The attack also appears to have been part of a broader pattern, not a standalone event. Reuters reported that multiple vessels were struck in Gulf waters and the Strait of Hormuz area as the regional war intensified, with SAFESEA VISHNU and the Malta-flagged Zefyros among the ships hit in Iraqi waters. Separate reporting said Iraq’s oil terminals suspended operations after the attacks, underlining how quickly a security event can spill into energy logistics and export flows.

Iraq’s state oil marketer, as cited in multiple reports, said SAFESEA VISHNU had been chartered by an Iraqi company and was attacked in the ship-to-ship loading area within Iraqi territorial waters. That detail is significant because it places the incident not in a vague offshore battle zone, but in an area closely tied to Iraq’s export infrastructure. The result is a sharper question for global markets: if tankers can be hit near Iraqi loading operations, then shipping risk is no longer confined to the narrowest part of the Strait of Hormuz alone.

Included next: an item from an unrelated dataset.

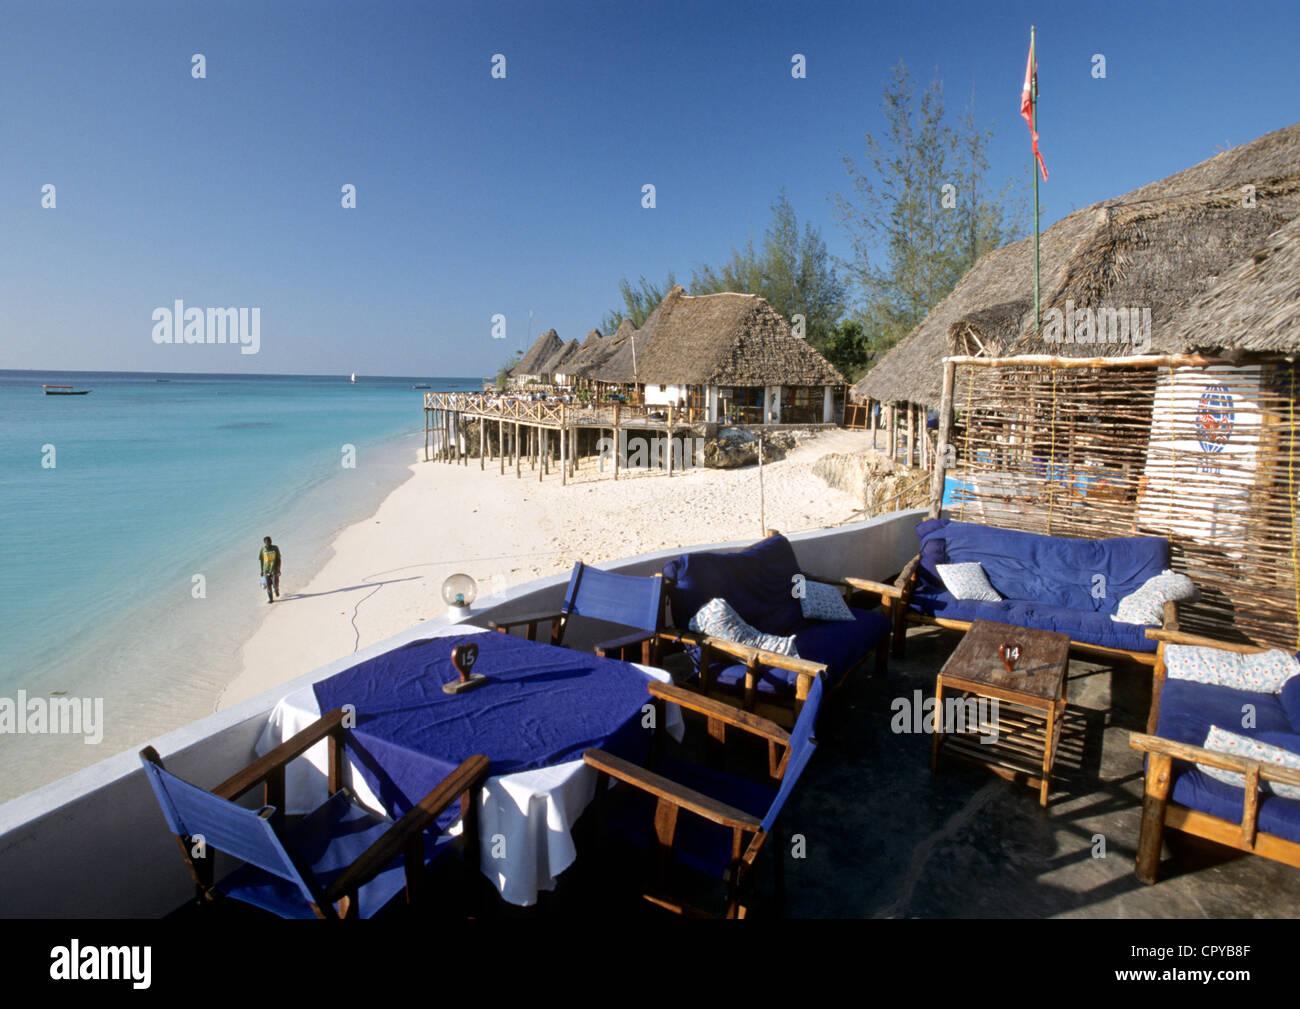 Tanzania, Zanzibar Archipelago, Unguja island (Zanzibar), Nungwi, cafe terrace on the beach - Stock Image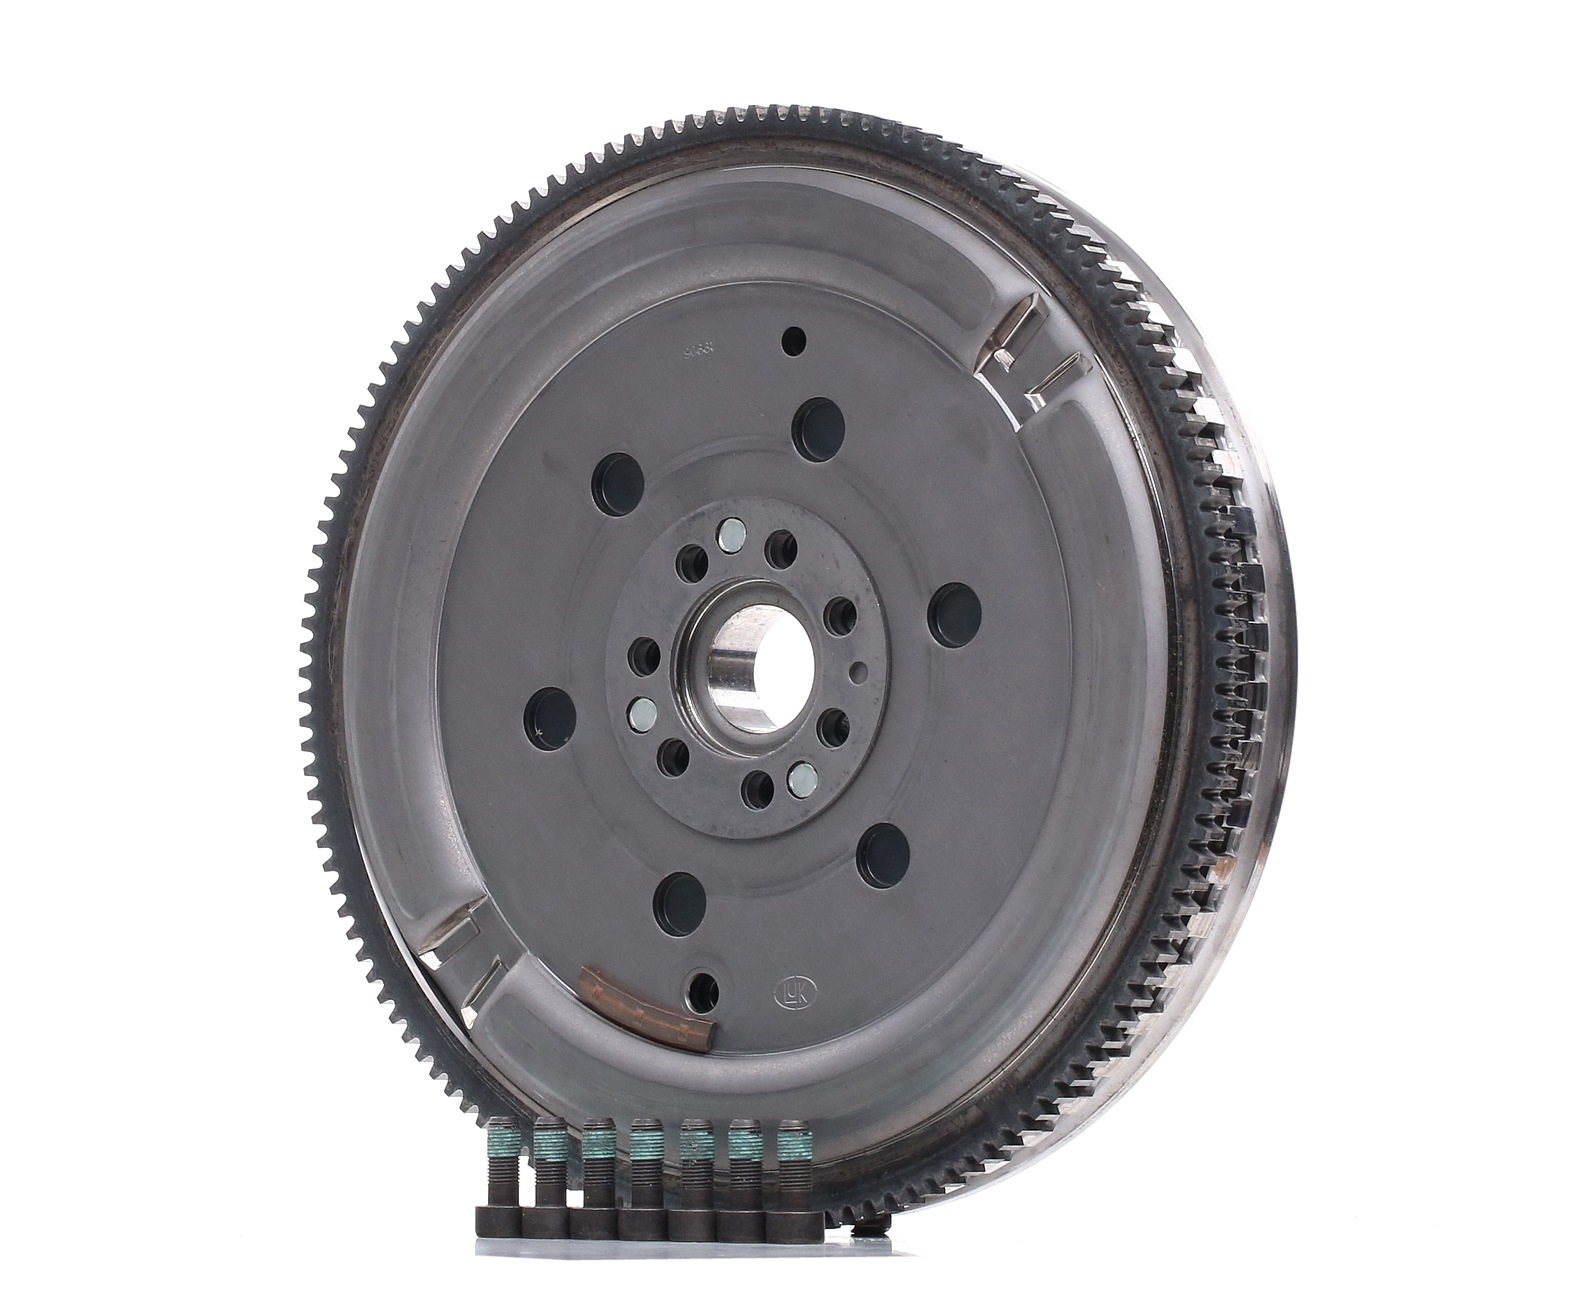 Origine Boîte de vitesses LuK 415 0400 10 ()

This is why the attack matters beyond one vessel. The Gulf is a core artery for the global oil trade, and shipping disruption in or near Iraqi and Hormuz-linked waters can quickly raise insurance costs, delay loadings, and force operators to reconsider routes or anchorage decisions. Reuters has already reported that the wider conflict has pushed merchant ships onto the front lines and strained efforts to protect commercial traffic.

There is also a geopolitical layer that still needs careful handling. Many reports frame the incident as an Iranian attack, and Reuters has said preliminary investigation and maritime-security assessments point to Iranian explosive-laden craft in related strikes. But attribution in fast-moving maritime warfare is often revised as forensic evidence, imagery analysis, and official investigations develop. That is another reason not to overstate the underwater-drone claim as settled fact.

For readers trying to separate confirmed fact from early-war noise, the current picture is straightforward. Confirmed: SAFESEA VISHNU was attacked near Basra in Iraqi waters; the ship is Marshall Islands-flagged; one Indian crew member was killed; Indian crew were evacuated; and the incident is part of a widening maritime security crisis. Not yet conclusively confirmed in public reporting: whether the strike was specifically an underwater drone attack, a surface suicide boat attack, or another form of naval drone strike.

That unresolved detail will matter for navies, insurers, tanker operators, and oil markets alike. But even before investigators settle the weapon type, the strategic message is already clear: commercial tankers operating near Iraq and the Gulf’s export lanes are now exposed to a much broader spectrum of threats than traditional missile or mine risk alone.